I've always wanted to have my co2 at optimum levels and just simply cant afford injected co2 at this moment. ive browsed around the internet a few times to see if anyone has came up with a consistent way to have the DIY system somewhat consistent, but i havent really found much of anything. so lately I've been tinkering around with the whole DIY CO2 setup I have on my tank, and to my surprise I believe I've found a way to just about keep my CO2 regulated 25-30 ppm and I haven't had a problem yet. 

The setup is on a 10 gallon tank. I am using 2x 2 liter bottles, which are led into their check valves, then connected into a T fitting.
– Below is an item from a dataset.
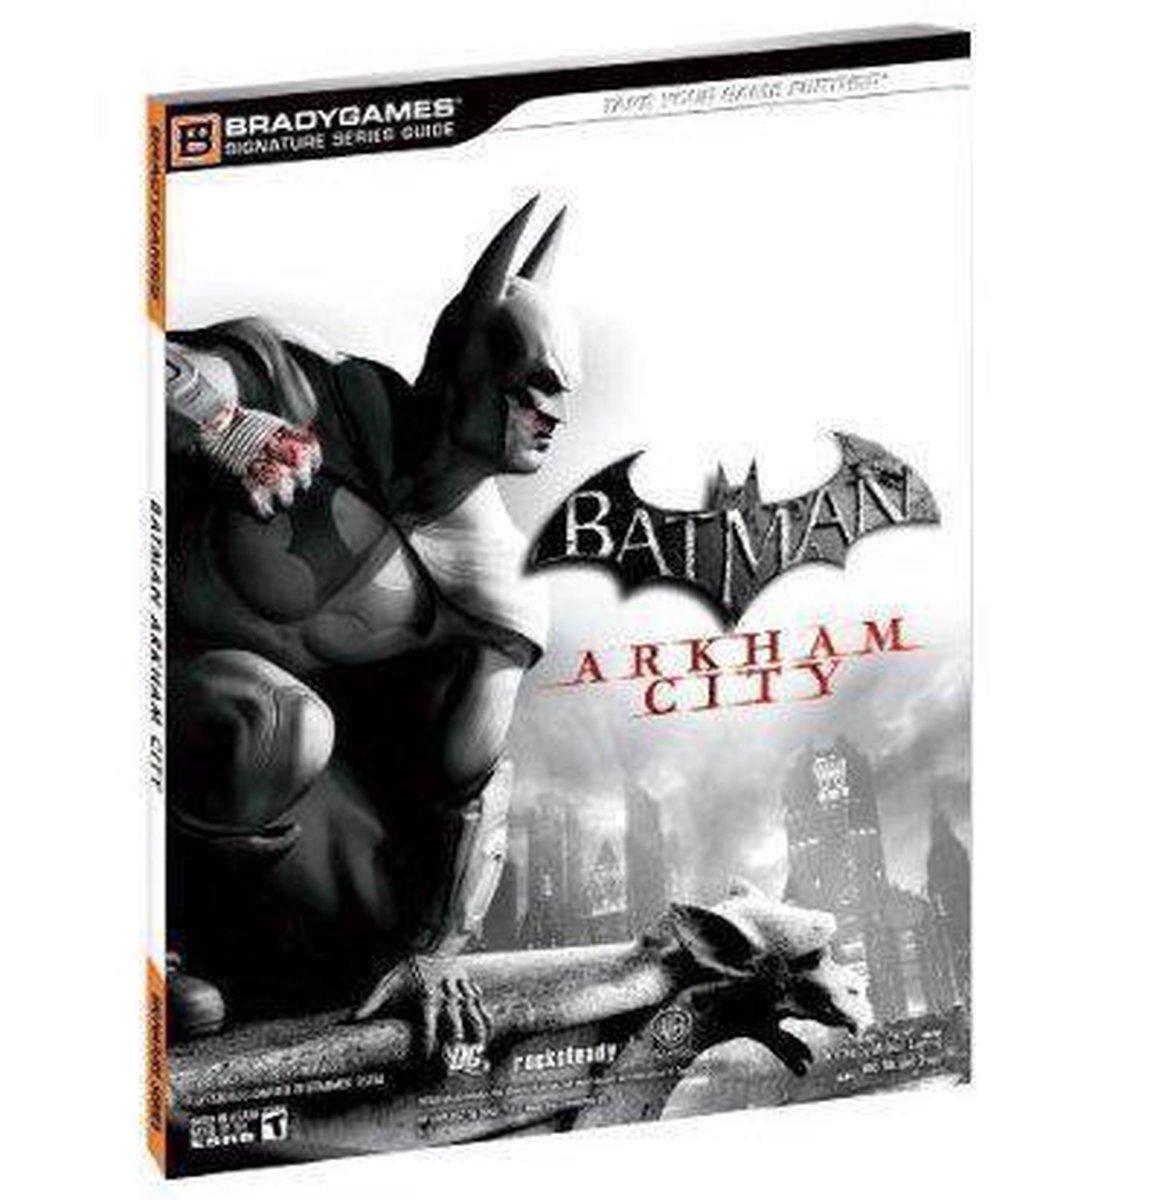 Batman, Arkham City, Signature Series Guide (PS3 / Xbox 360)

I am using a ceramic diffuser I bought from the LFS for 5 bucks or so. diffuser needs a decent amount of pressure to get started.
in 2 liter bottle #1 I am mixing 1/8 teaspoon of ActiveDry Fleischmann's yeast with 2 cups of sugar. in bottle #2 I am mixing 1/4 teaspoon of RapidRise "highly active yeast" brand is Fleischmann's. they came in packets of 3, which I prefer so that way I discard the packet i use and use a whole new one on the next replacement. garuntees the yeast is fresh and it cuts out a few more variables that could alter the performance.
every 2 weeks I replace bottle #1. 
every 1 week I replace bottle #2.
The idea is to have a stable low pressure producing output of yeast from bottle number 1 and have bottle 2 provide the high pressure. 2 bottles would be necessary to limit the down time while you do your changes to
the mix. 
to get started connect all tubing to bottles, T fitting, check valves, etc. should go somthing like this:
bottle--checkvalve--Tfitting--etc
bottle--checkvalve--Tfitting--
mix up and Connect bottle 2 (you may not have enough pressure to get the diffuser going). 2-3 days later mix and connect bottle 1. the idea behind mixing and connecting bottle 2 first is due to the extreme rise in CO2 the DIY system is notorious for. bottle number 1 will take longer than bottle number 2 to fully activate due to the smaller amount of yeast. bottle #1 should hit peak performance after around 3-5 days or so. waiting 2-3 days to attach bottle number 1 gives bottle number 2 a chance to peak and start acting more regular. you should see somthing stable within 
5-7 days.

after 7 days of bottle 2 running, take off of the system and redo the mixture. you shouldnt have to worry about letting the built up pressure out, because of the checkvalve. the idea of putting check valves before the T fitting and after the bottle, allows you to take bottles off of the system without sacrificing the pressure built up in the system.

this is all done in a 10 gallon aquarium I could only imagine results would vary on different sizes of tanks. 

any questions or comments feel free. hope I helped some one out there.

cheers


Sent from my iPhone using Tapatalk


----------



## singolz (Oct 27, 2011)

forgot the goods....
enjoy


Sent from my iPhone using Tapatalk


----------



## alysonpeaches (Jun 30, 2008)

Which diffuser is that please?


----------



## singolz (Oct 27, 2011)

http://www.afishybusiness.com/Ista_...dftrk=gdfV23840_a_7c1870_a_7c7857_a_7cIS00563


----------